Last Updated: Jan 22, 2026
Open workflow in n8n


Executive Summary

This is the core demand planning engine. It executes a parallel fetch operation to gather global configuration settings (Seasonality, Marketing Events) and operational data (Sales History, Live Inventory). It merges these datasets to run a custom forecasting algorithm (Holt’s Linear Trend) that projects inventory depletion and generates specific “Reorder” recommendations per SKU.

INFO

Config + Sales + Inventory n8n Google Sheets
Trigger: Every 1 day at 00:20


Data Source

Source: Google Sheets (Multiple Files)

Overview

This workflow relies on a distributed configuration model. Instead of hardcoding values in n8n, it pulls parameters from specific Google Sheets to allow business users to tune the algorithm without touching code.

Data Sources

  • Configuration Inputs (Source: Projection Algorithm Output Example...)
    • Settings Tab: Global defaults for safety stock, lead time, and growth acceleration.
    • Marketing Events Tab: Date ranges for planned promotions (used to apply lift multipliers).
    • MPN Settings Tab: SKU-specific overrides (e.g., if one SKU needs 120 days lead time instead of 90).
    • MPN Seasonality Control Tab: Month-by-month weighting per SKU.
  • Operational Inputs
    • Sales by Date & Product Family: Historical unit sales.
    • Current Inventory Levels: Live Total On Hand and Total Available counts.

Filters

  • SKU is not Shipping Revenue Shopify
    • Purpose: Exclude non-physical service items from the forecast.

Data Manipulation (n8n Workflow)

Logic Flow

The workflow executes in two parallel branches to optimize performance before merging for the final calculation.
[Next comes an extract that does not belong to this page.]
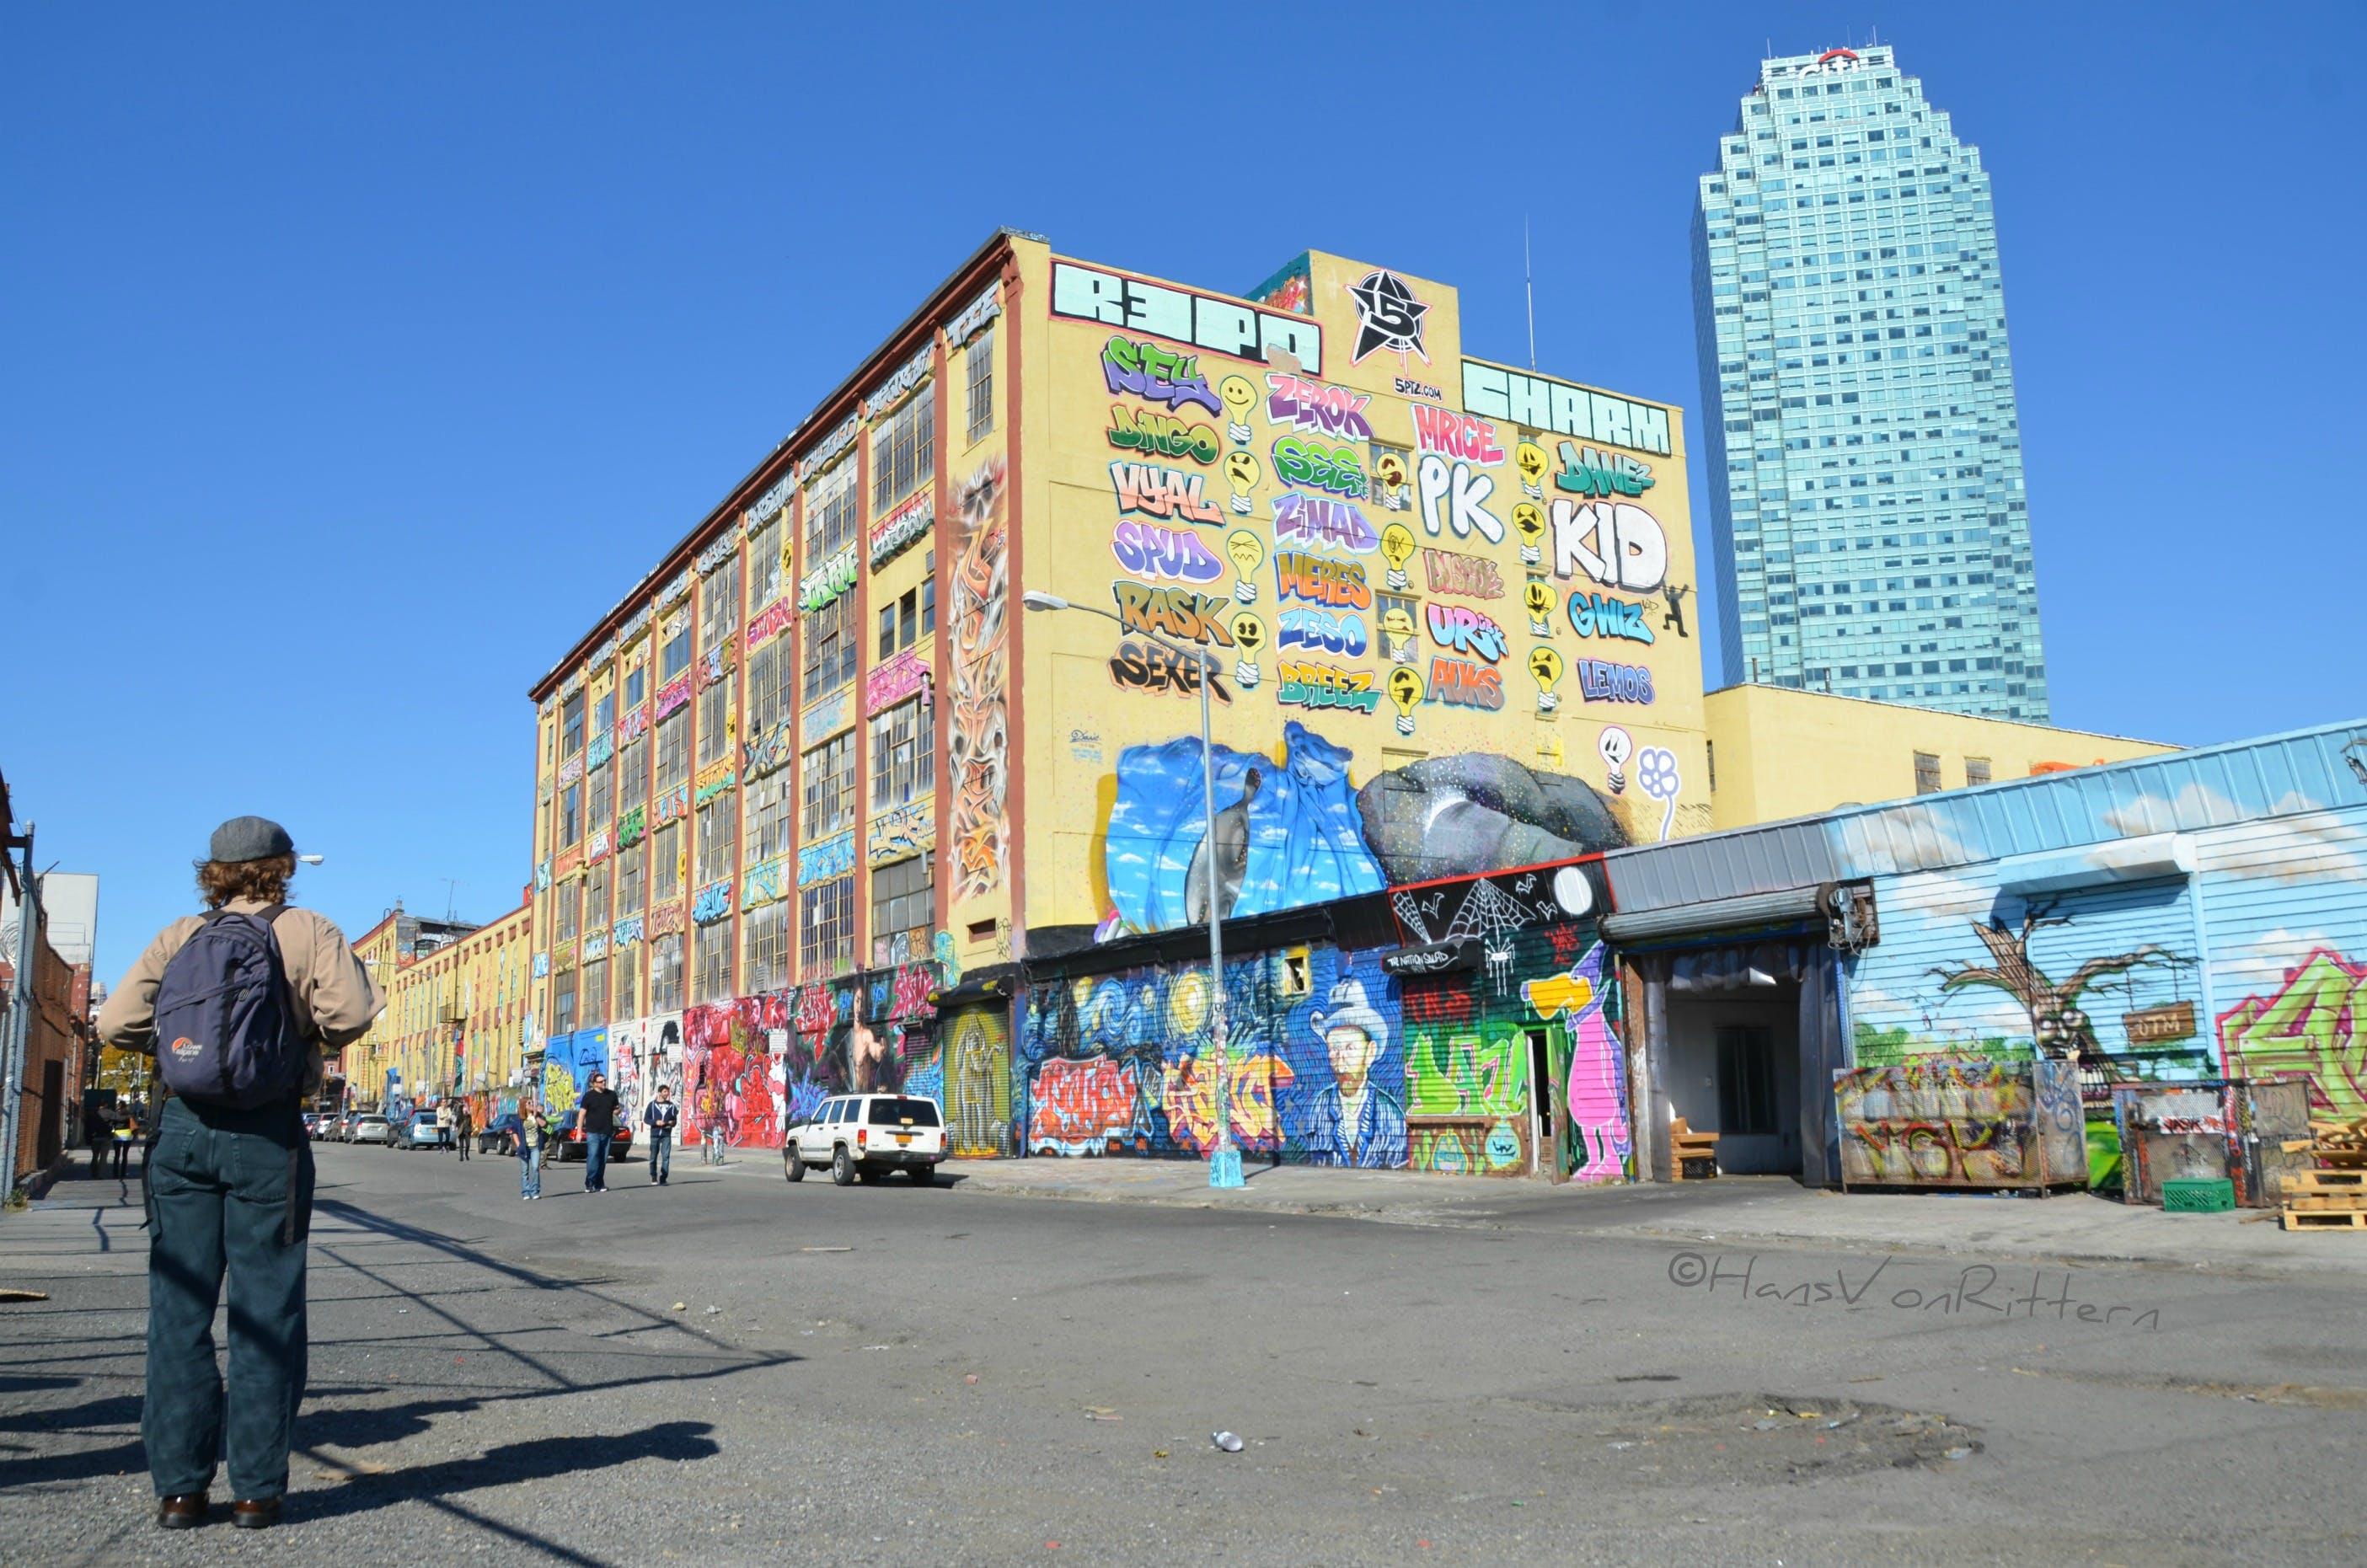 5 pointz long island city image hans von rittern via http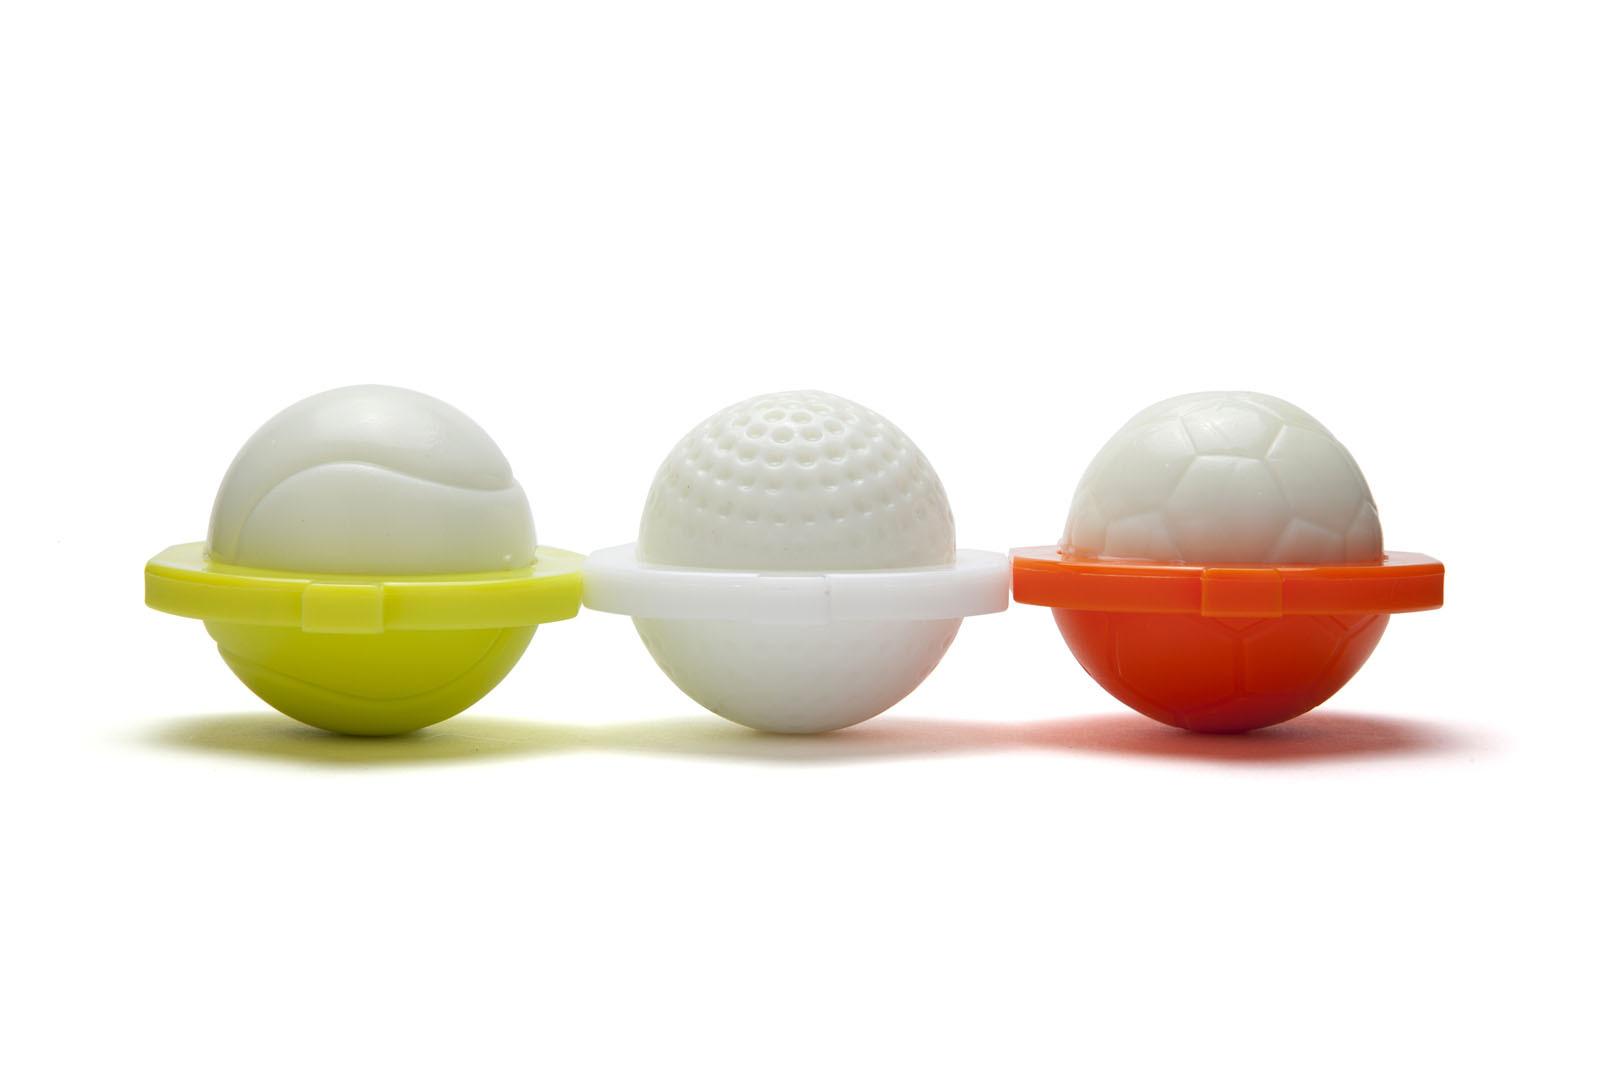 Kids Funky Food Gifts Egg Shapers Design Breakfast Chef  FootBall Sports Huevo

  1. Configuration Branch (Top):
    • Fetches the “Defaults” first.
    • Iteratively fetches and maps Marketing Events, SKU Settings, and Seasonality profiles.
    • Result: A master configuration object passed to the code node.
  2. Operational Branch (Bottom):
    • Fetches Sales History and Live Inventory simultaneously.
    • Merge: Joins Inventory data onto the Sales data using SKU as the key.
  3. Calculation (The “Run Forecast Algorithm” Node):
    • The code iterates through every SKU and applies the forecasting logic described below.
  4. Loading:
    • The results are appended/updated in the Testing Live Algorithm spreadsheet.

The Forecast Algorithm

The logic inside the code node applies a sophisticated “Gap Analysis” using the following mathematical models:

  • Holt’s Linear Smoothing:
    • Used to “de-seasonalize” historical data and find the true trend.
    • Alpha (Level): 0.2 | Beta (Trend): 0.05 | Phi (Damping): 0.9
  • Safety Clamps:
    • Prevents the algorithm from hallucinating wild growth.
    • Max Weekly Growth: Capped at 5%.
    • Min Weekly Growth: Floor at -10%.
  • Gap Analysis Loop:
    • It projects daily inventory levels for the next Lead Time + Coverage Days.
    • It subtracts daily demand (adjusted for Seasonality and Marketing Events).
    • If projected inventory hits 0, it calculates the “Gap” needed to fulfill the remaining days.

Data Destination

Destination: Google Sheets

Overview

The results are written to the Testing Live Algorithm spreadsheet.

Output Columns

  • Status: OK or REORDER (Triggered if Current Weeks of Supply < Lead Time).
  • Stock Level Target: The calculated quantity needed to meet the coverage target.
  • Weekly RoS Acceleration: The detected trend direction (positive = growing demand).
  • Telemetry: Internal metrics (RoS, Monthly Velocity) used for debugging.